» **DATASET EXCERPT**
____________

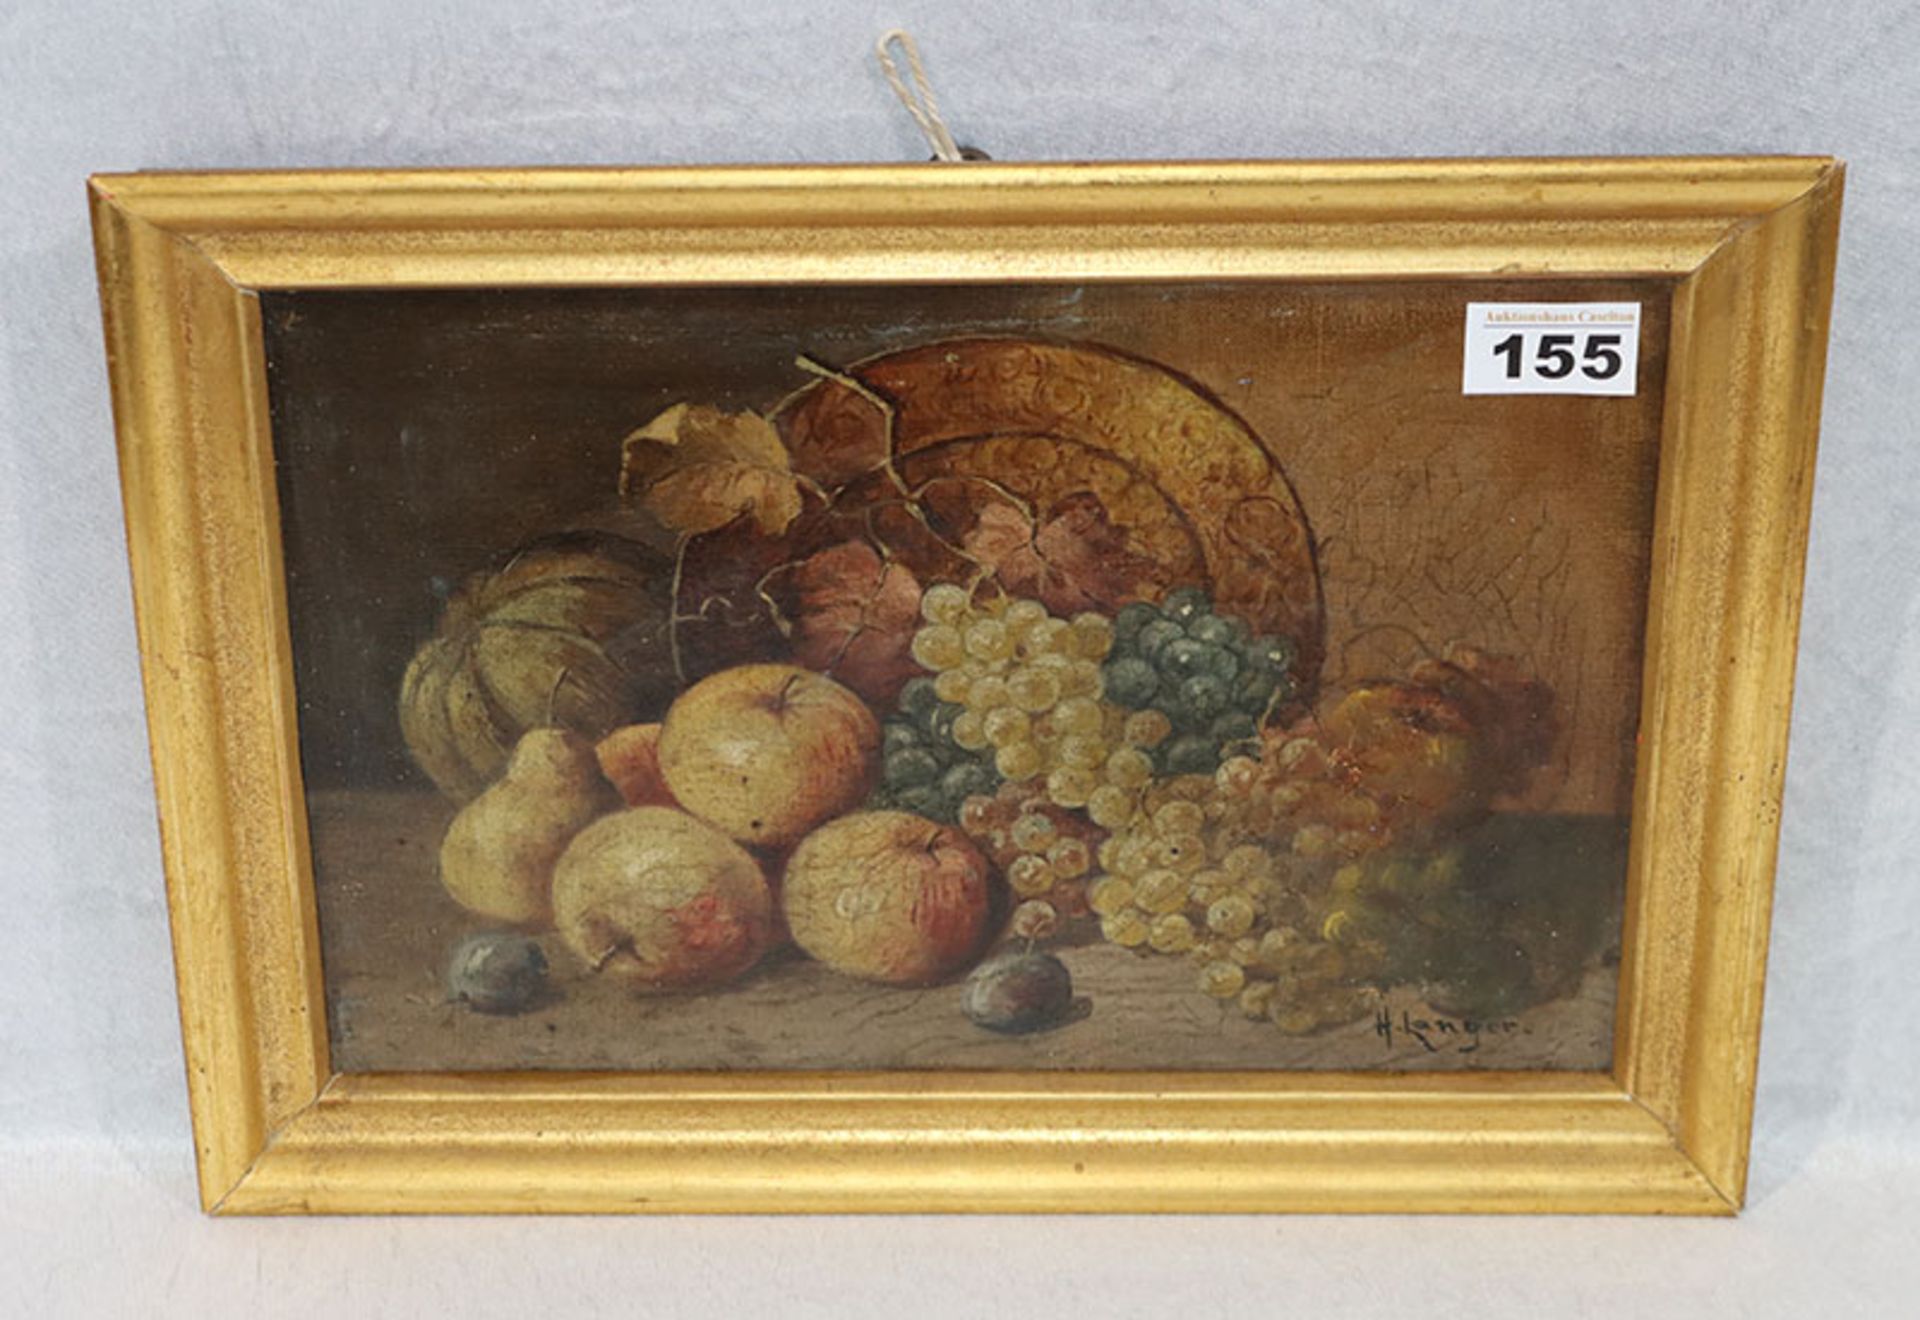 Gemälde ÖL/LW 'Früchtestillleben', signiert H. Langer, österreichsicher Maler um 1900, LW teils
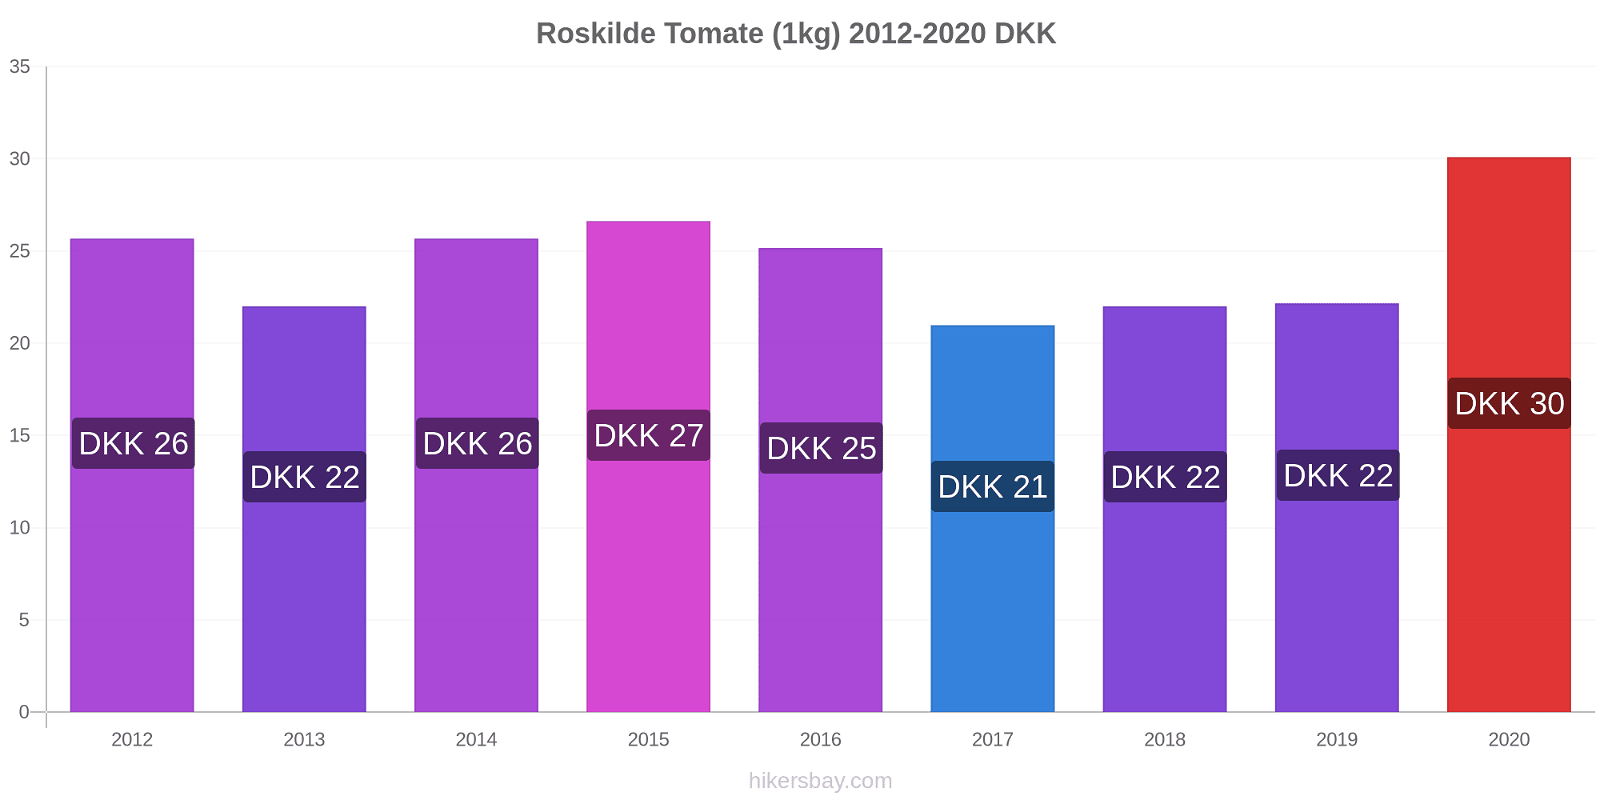 Roskilde modificări de preț Tomate (1kg) hikersbay.com
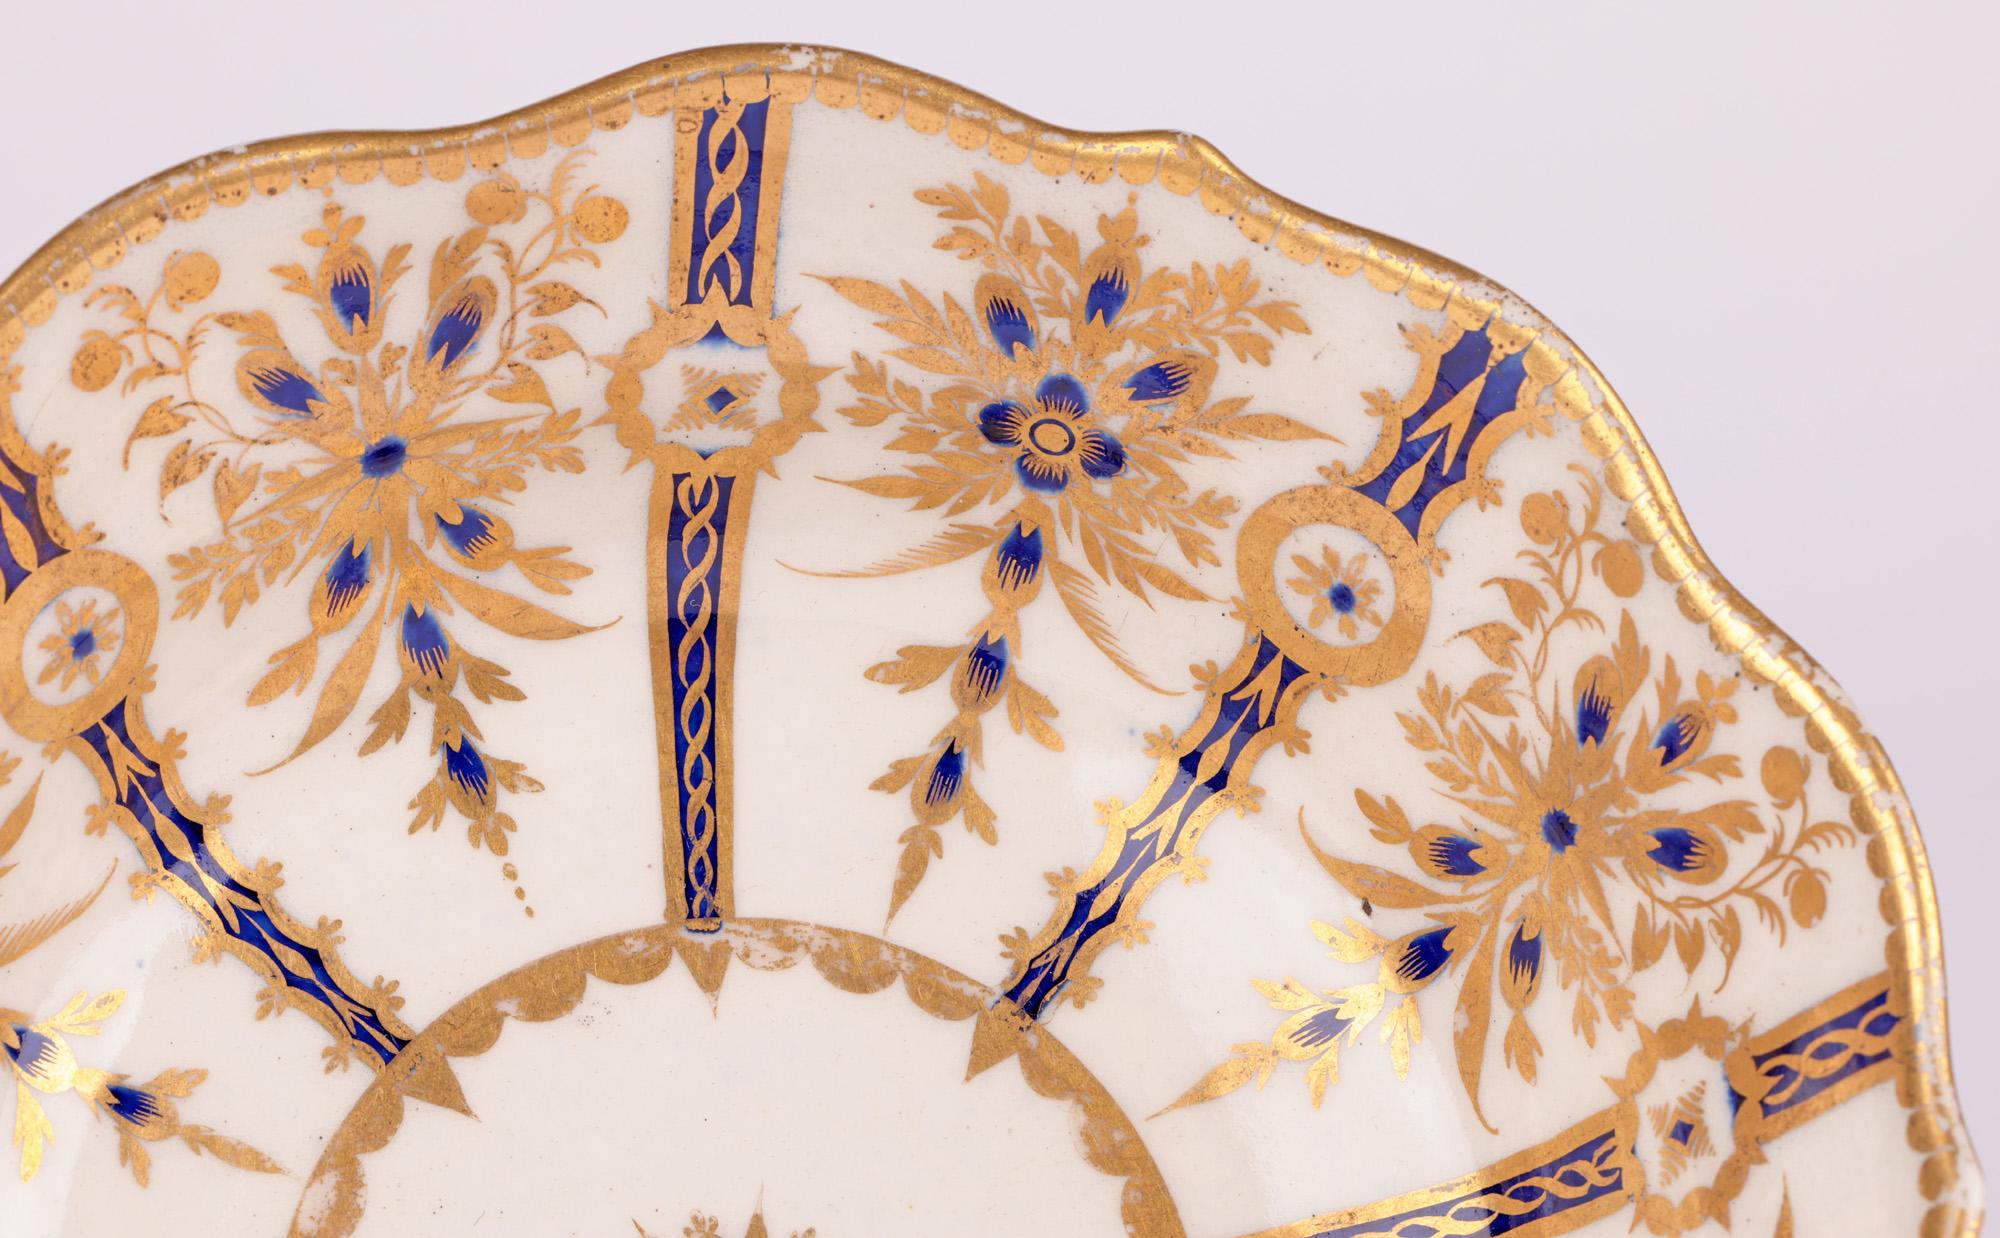 Eine sehr feine und ungewöhnliche englische Worcester First oder Dr Wall Periode Porzellanschale mit geformter Form mit fein applizierten vergoldeten und blauen Designs aus der Zeit zwischen 1751 und 1783. Die Schale steht auf einem breiten, runden

____________

» **TASK TO COMPLETE**
Copy out the listing exactly as it stands, but not the pictures.

» **EXERCISE OUTPUT**
 Gemälde ÖL/LW 'Früchtestillleben', signiert H. Langer, österreichsicher Maler um 1900, LW teils
 Roskilde modificări de preț Tomate (1kg) hikersbay.com
 Eine sehr feine und ungewöhnliche englische Worcester First oder Dr Wall Periode Porzellanschale mit geformter Form mit fein applizierten vergoldeten und blauen Designs aus der Zeit zwischen 1751 und 1783. Die Schale steht auf einem breiten, runden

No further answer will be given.